### WORK ITEM
Print, from the listing below, the lines starting at the line containing "2020 Donruss Steve" and ending at the line containing "Janja Garnbret (SLO)", exactly as they stand, and print nothing else.

### GIVEN INFORMATION

□ □ □ □ □ □ □

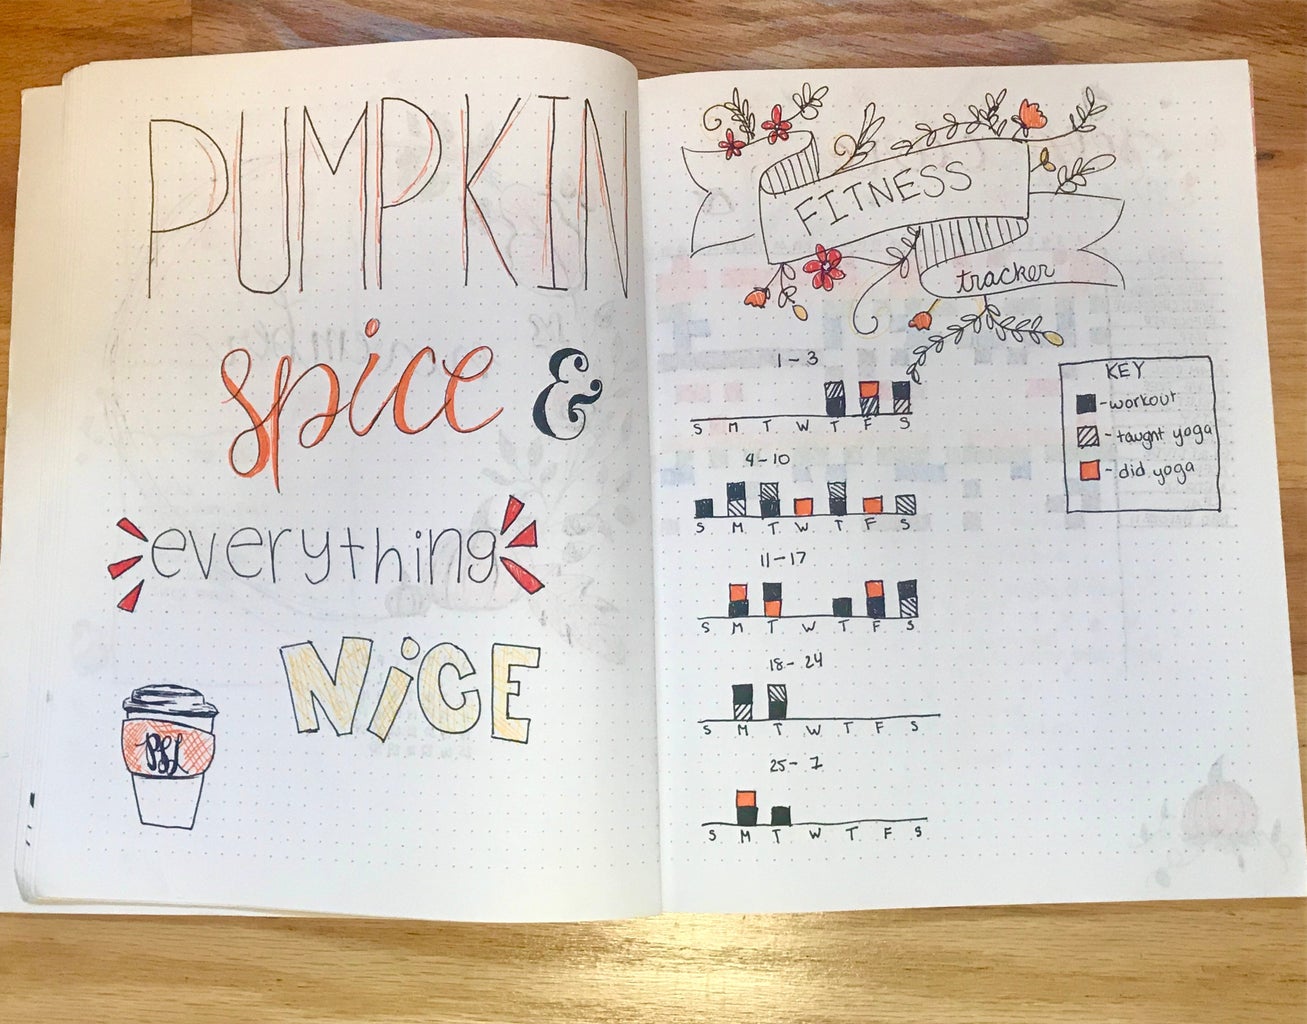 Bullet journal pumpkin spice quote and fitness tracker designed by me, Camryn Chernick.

□ □ □ □ □ □ □

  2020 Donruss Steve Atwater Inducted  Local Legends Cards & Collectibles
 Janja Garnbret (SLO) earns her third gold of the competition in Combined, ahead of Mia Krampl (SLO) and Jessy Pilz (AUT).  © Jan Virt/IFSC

□ □ □ □ □ □ □

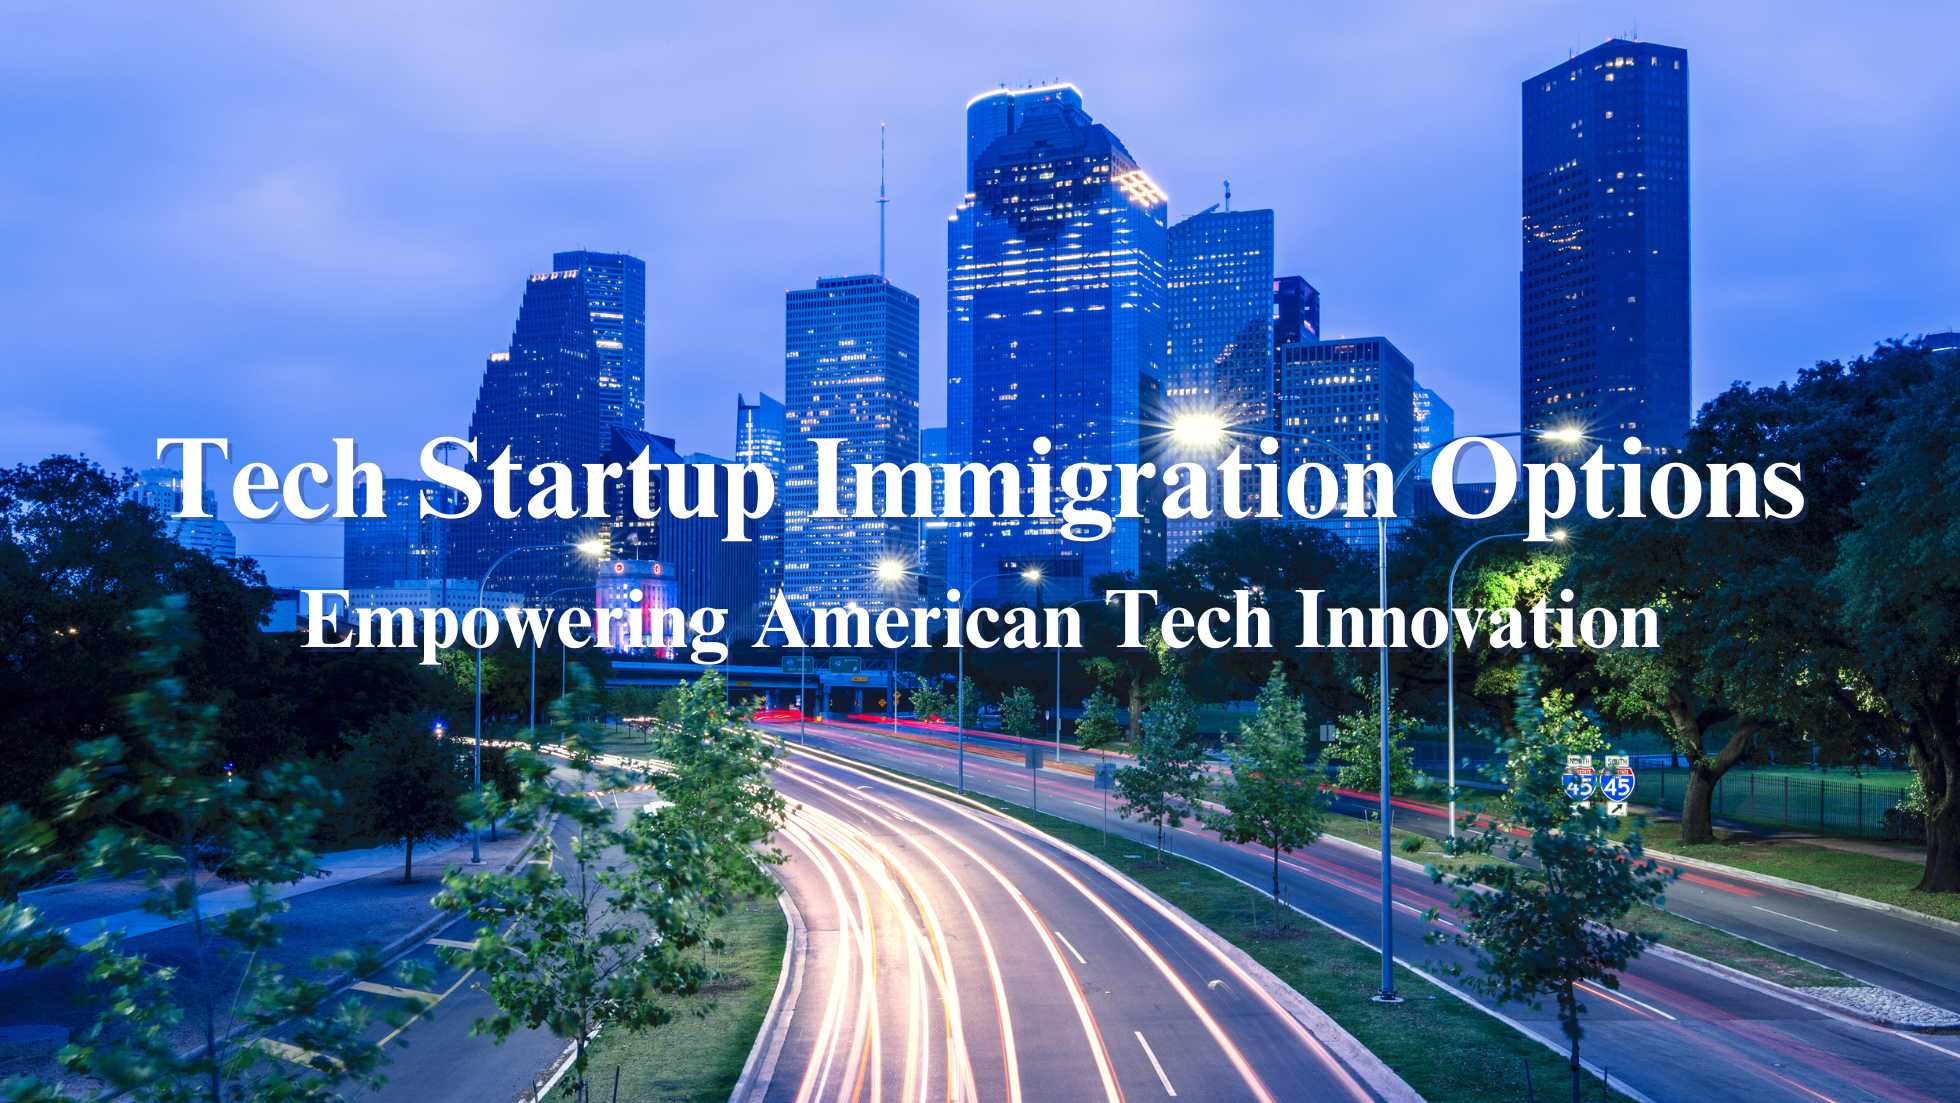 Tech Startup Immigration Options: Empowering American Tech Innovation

□ □ □ □ □ □ □

### WORKED SOLUTION
  2020 Donruss Steve Atwater Inducted  Local Legends Cards & Collectibles
 Janja Garnbret (SLO) earns her third gold of the competition in Combined, ahead of Mia Krampl (SLO) and Jessy Pilz (AUT).  © Jan Virt/IFSC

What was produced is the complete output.